-- How to complete this task --
Reproduce the lines below verbatim. Pictures are to be omitted.

-- Dataset content --
★ ★ ★ ★ ★
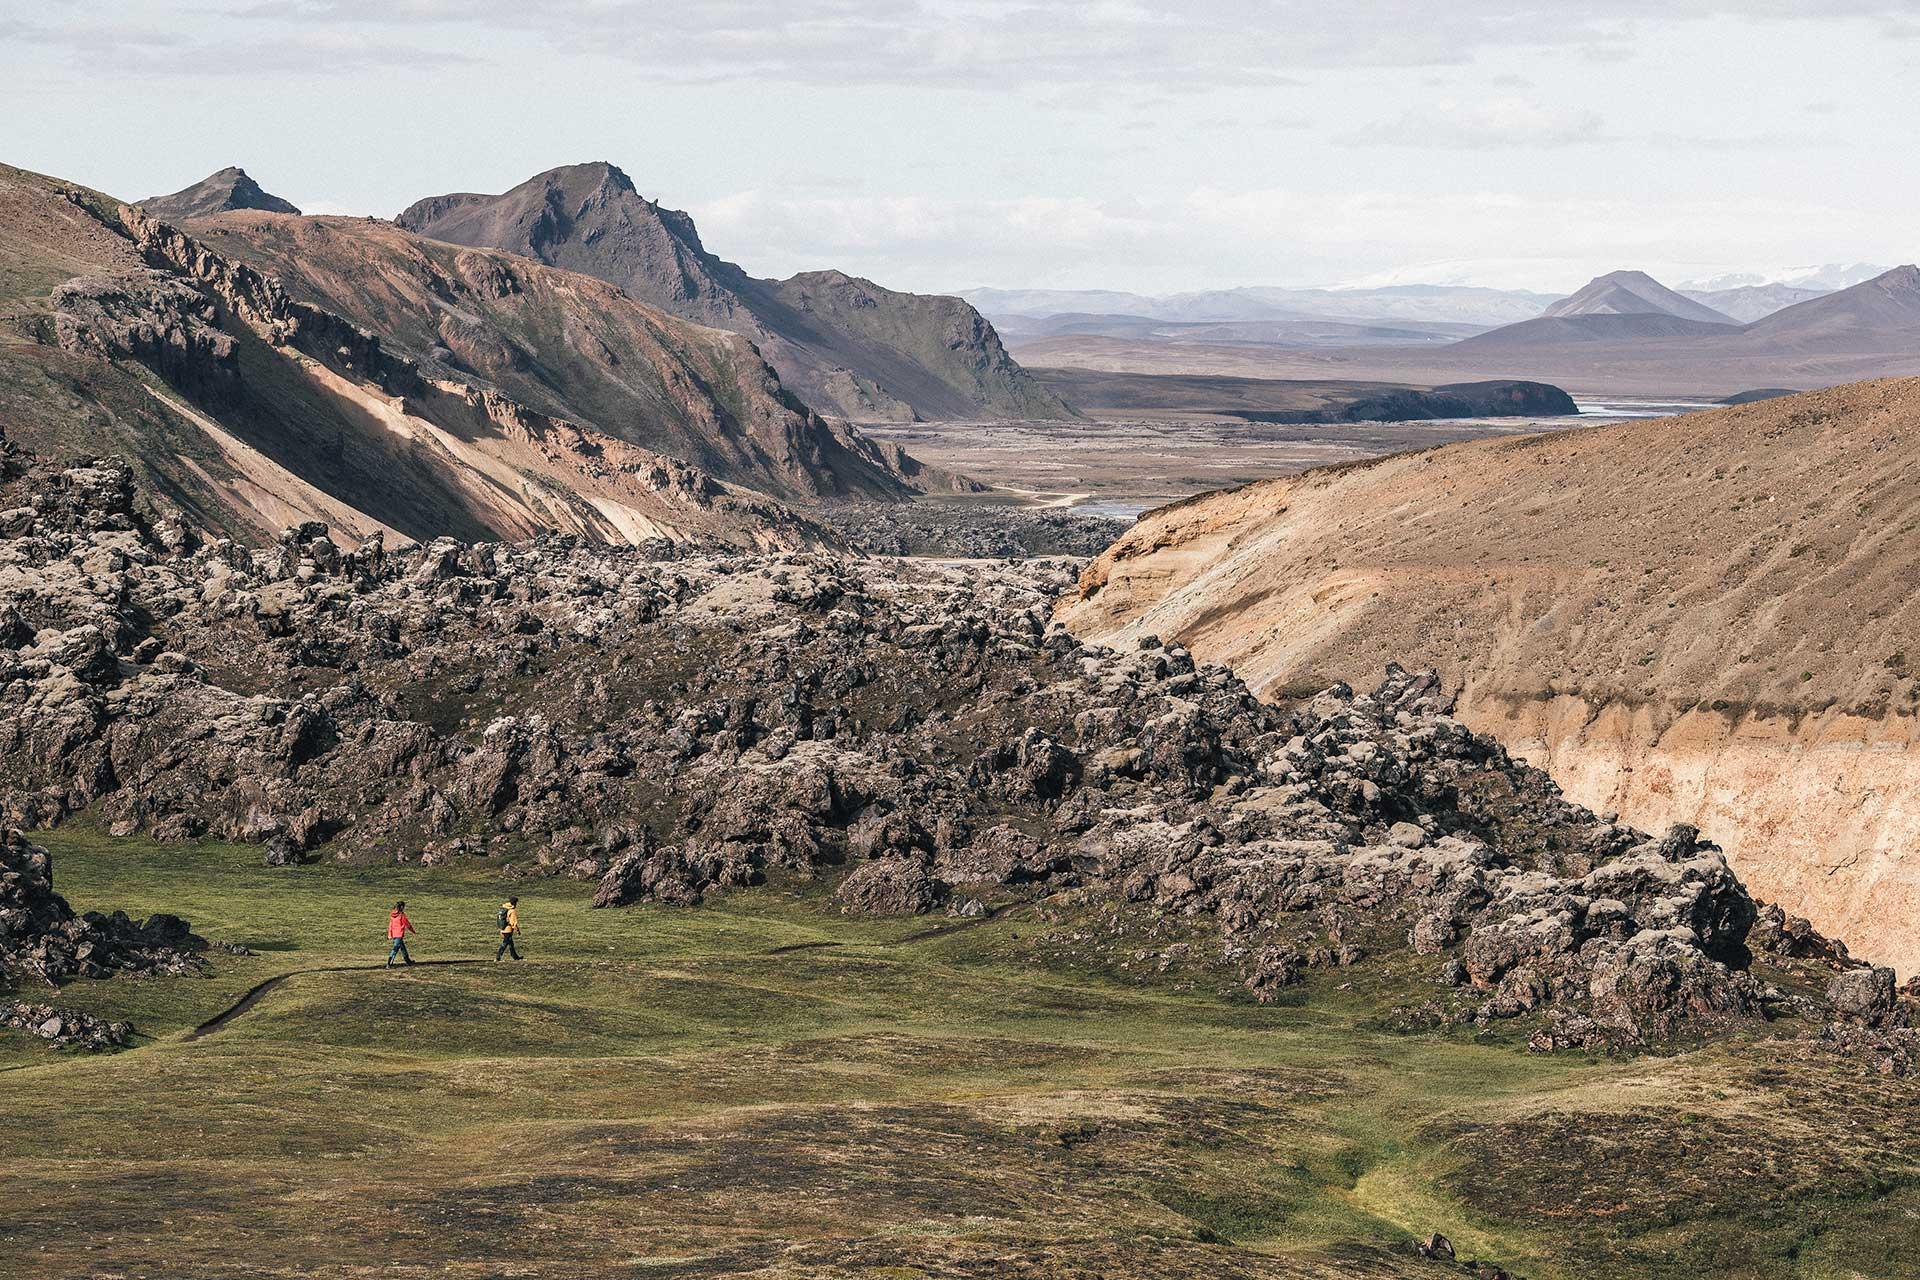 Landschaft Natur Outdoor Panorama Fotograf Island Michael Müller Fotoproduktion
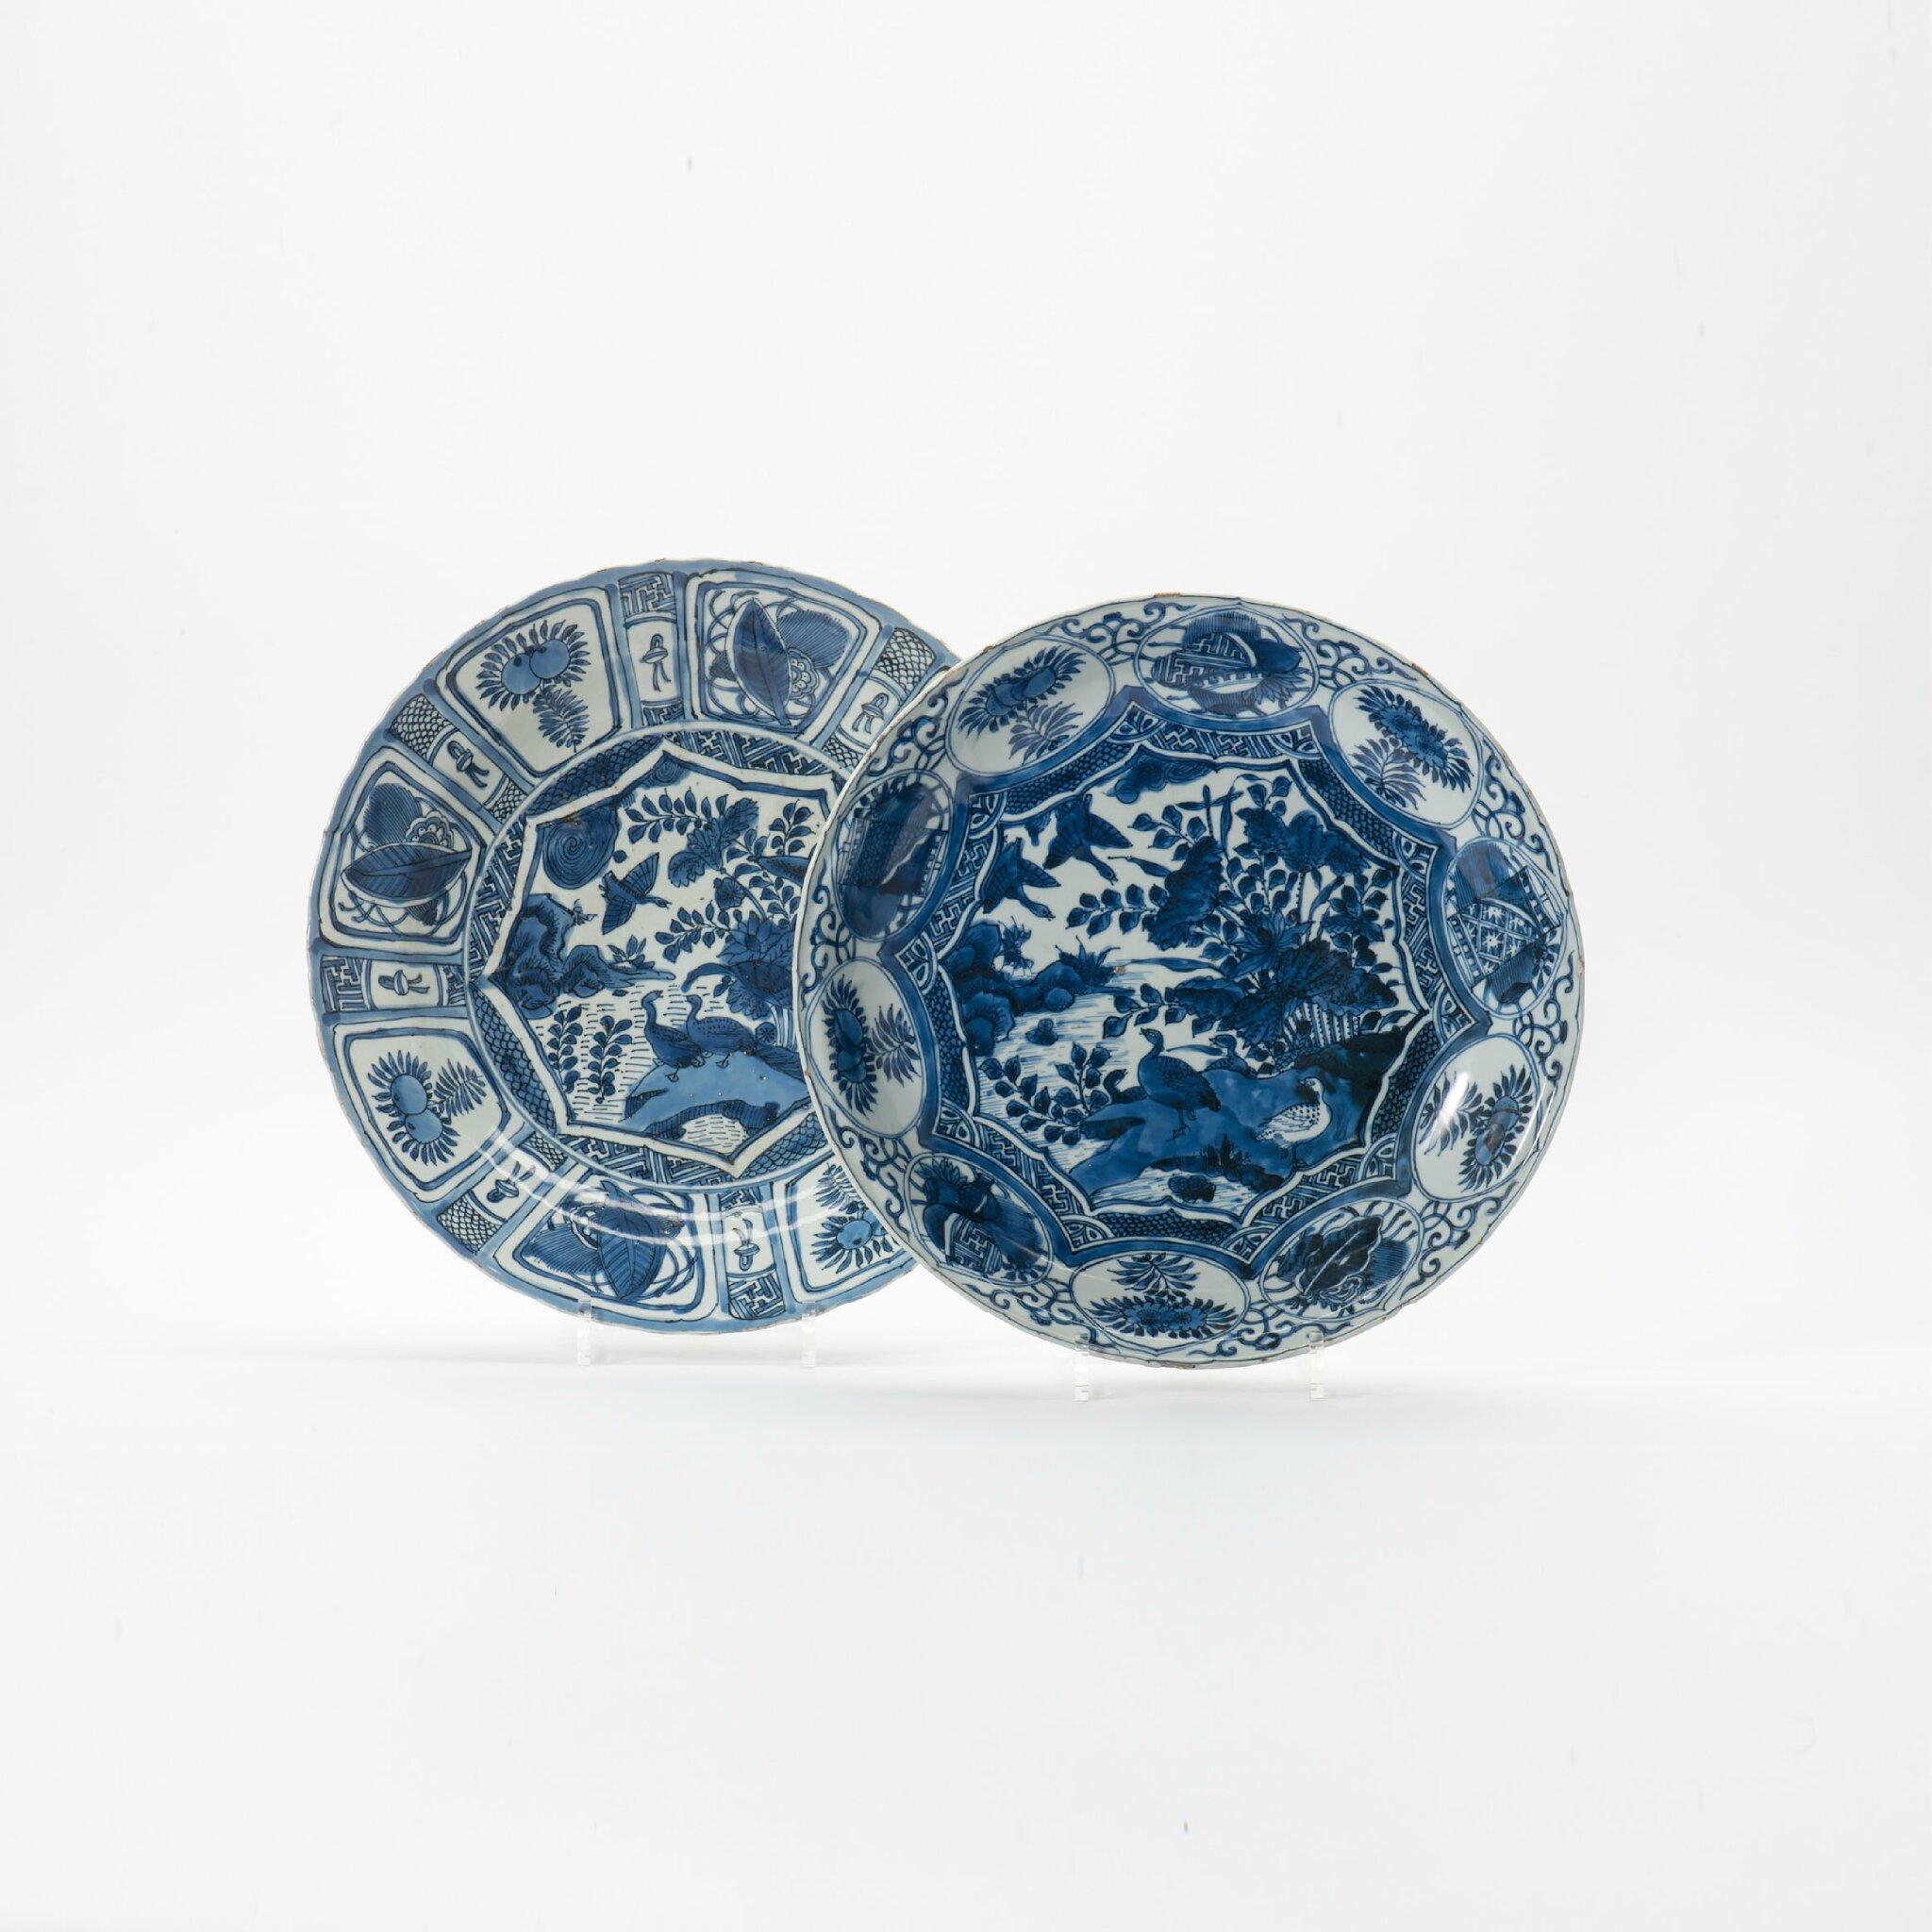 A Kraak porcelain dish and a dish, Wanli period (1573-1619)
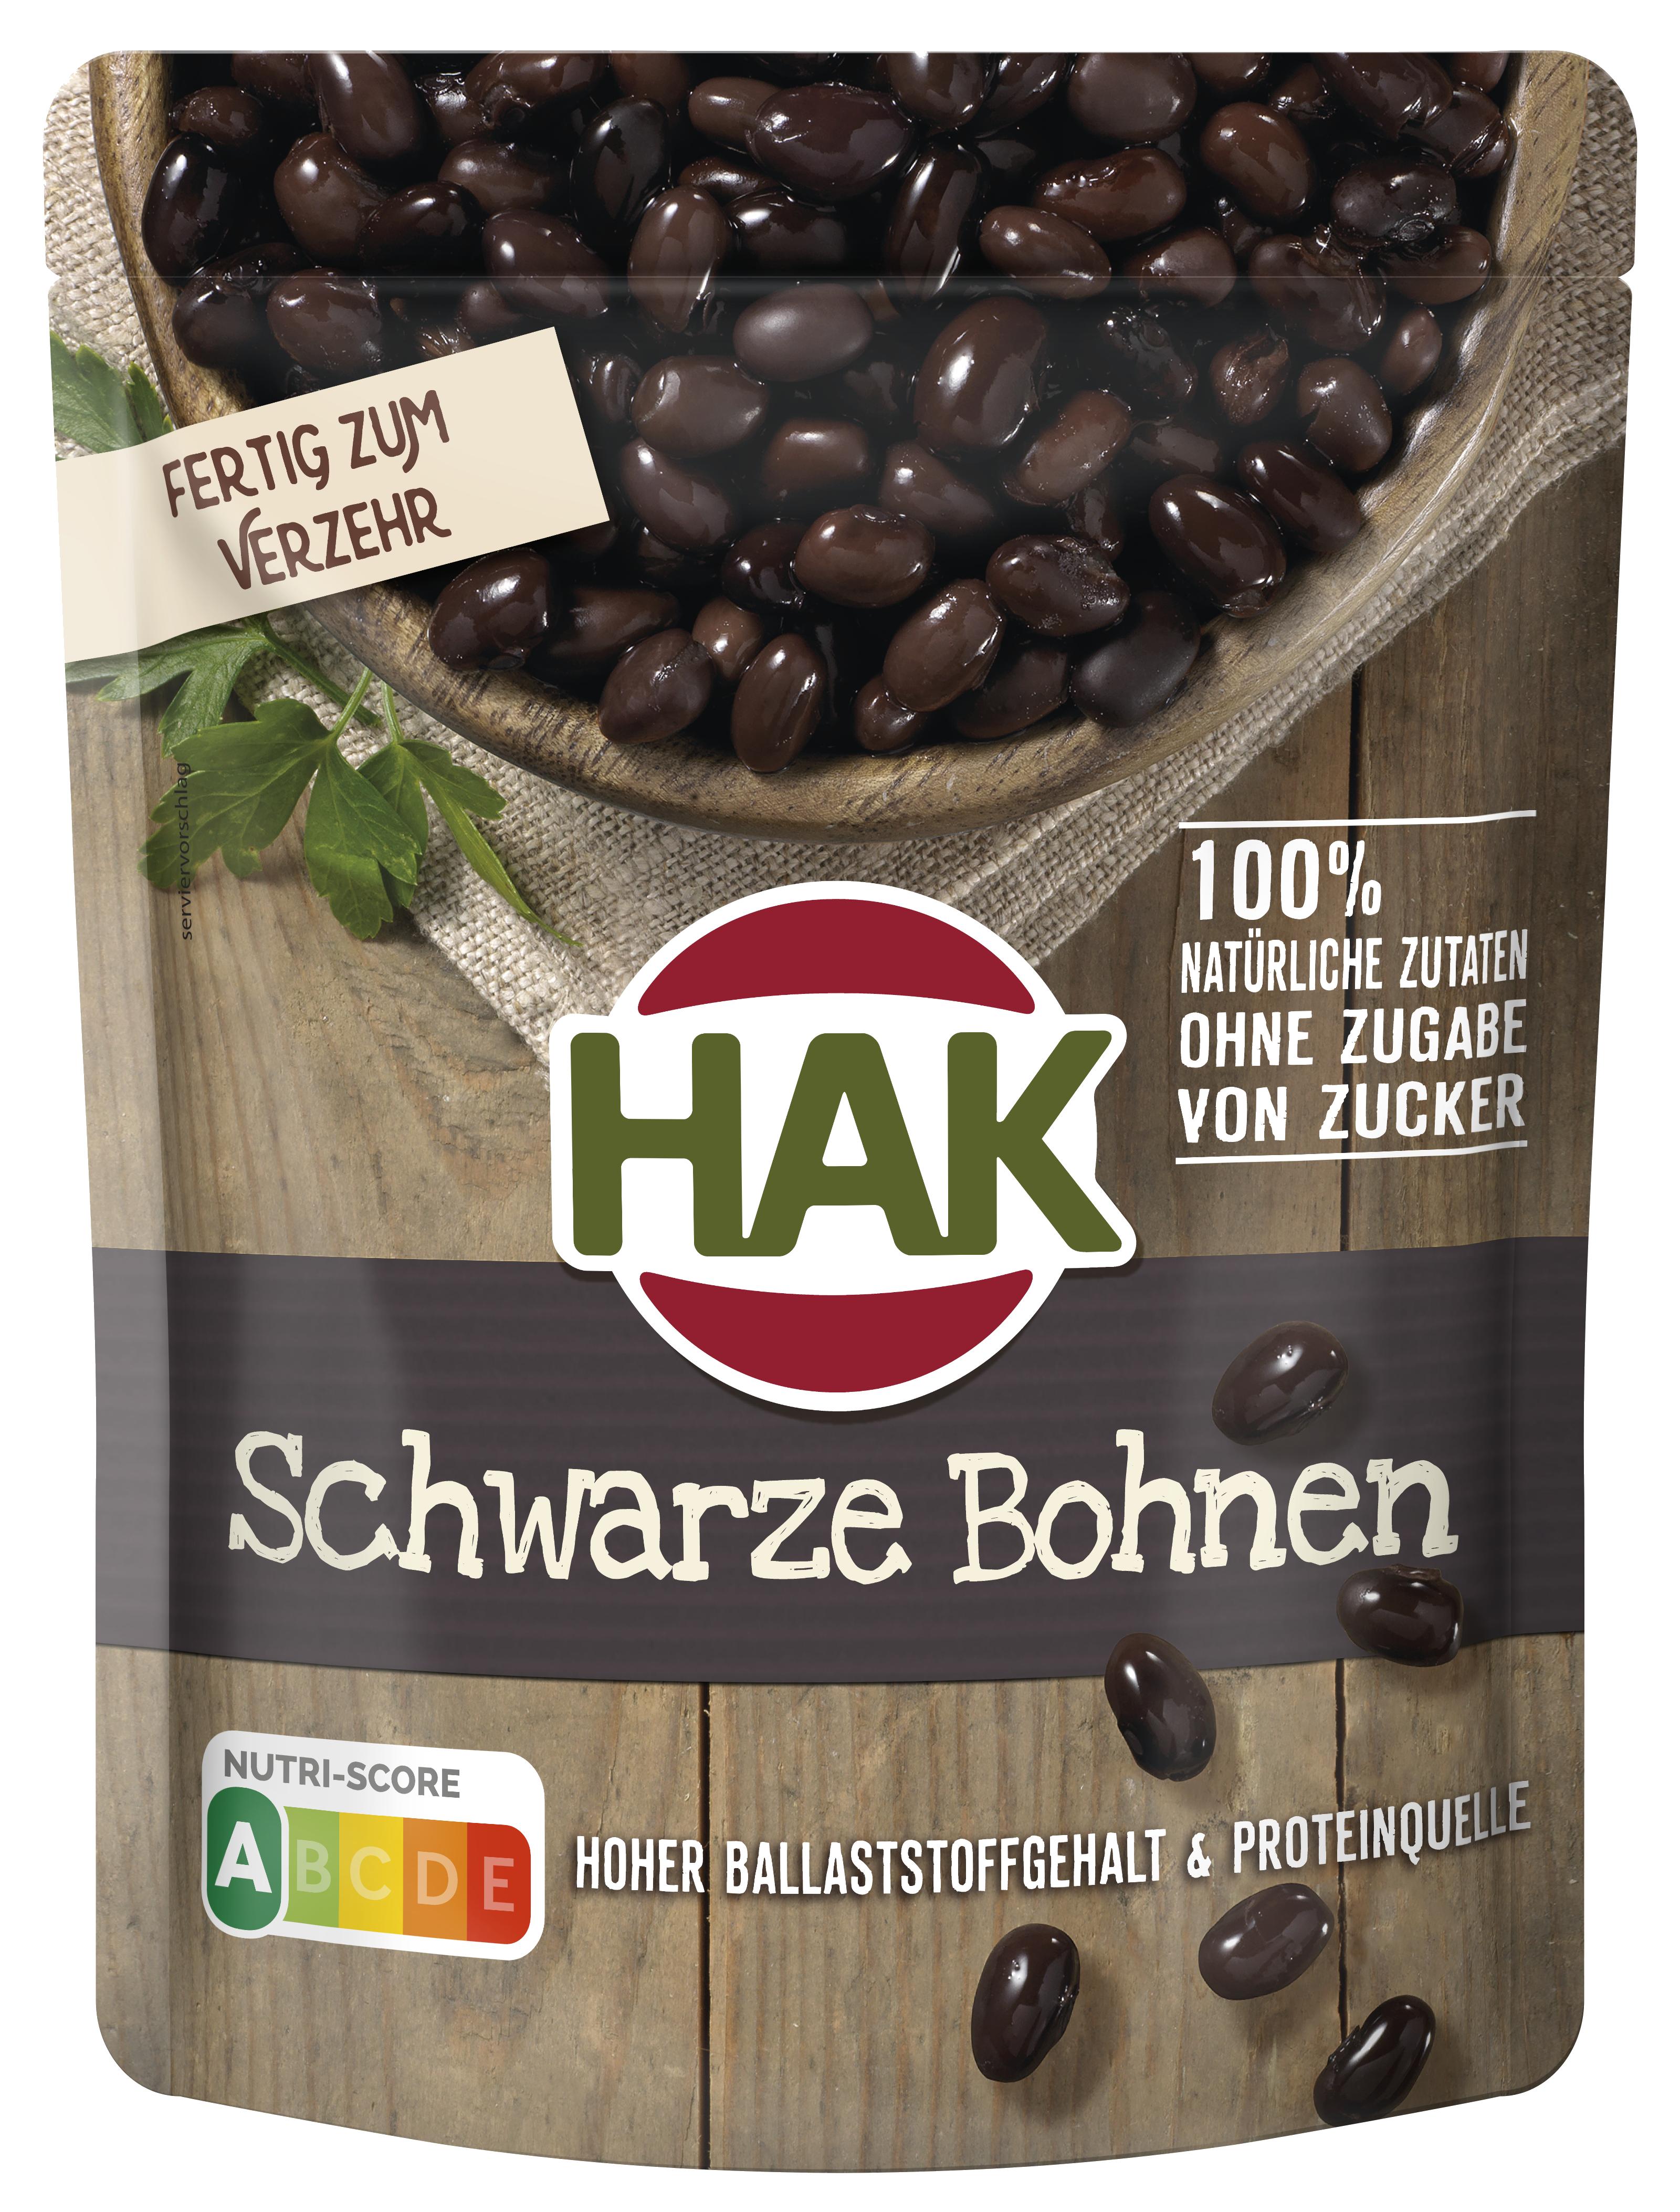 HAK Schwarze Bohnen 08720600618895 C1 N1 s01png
★ ★ ★ ★ ★
-- Result for this task --
 Landschaft Natur Outdoor Panorama Fotograf Island Michael Müller Fotoproduktion
 A Kraak porcelain dish and a dish, Wanli period (1573-1619)
 HAK Schwarze Bohnen 08720600618895 C1 N1 s01png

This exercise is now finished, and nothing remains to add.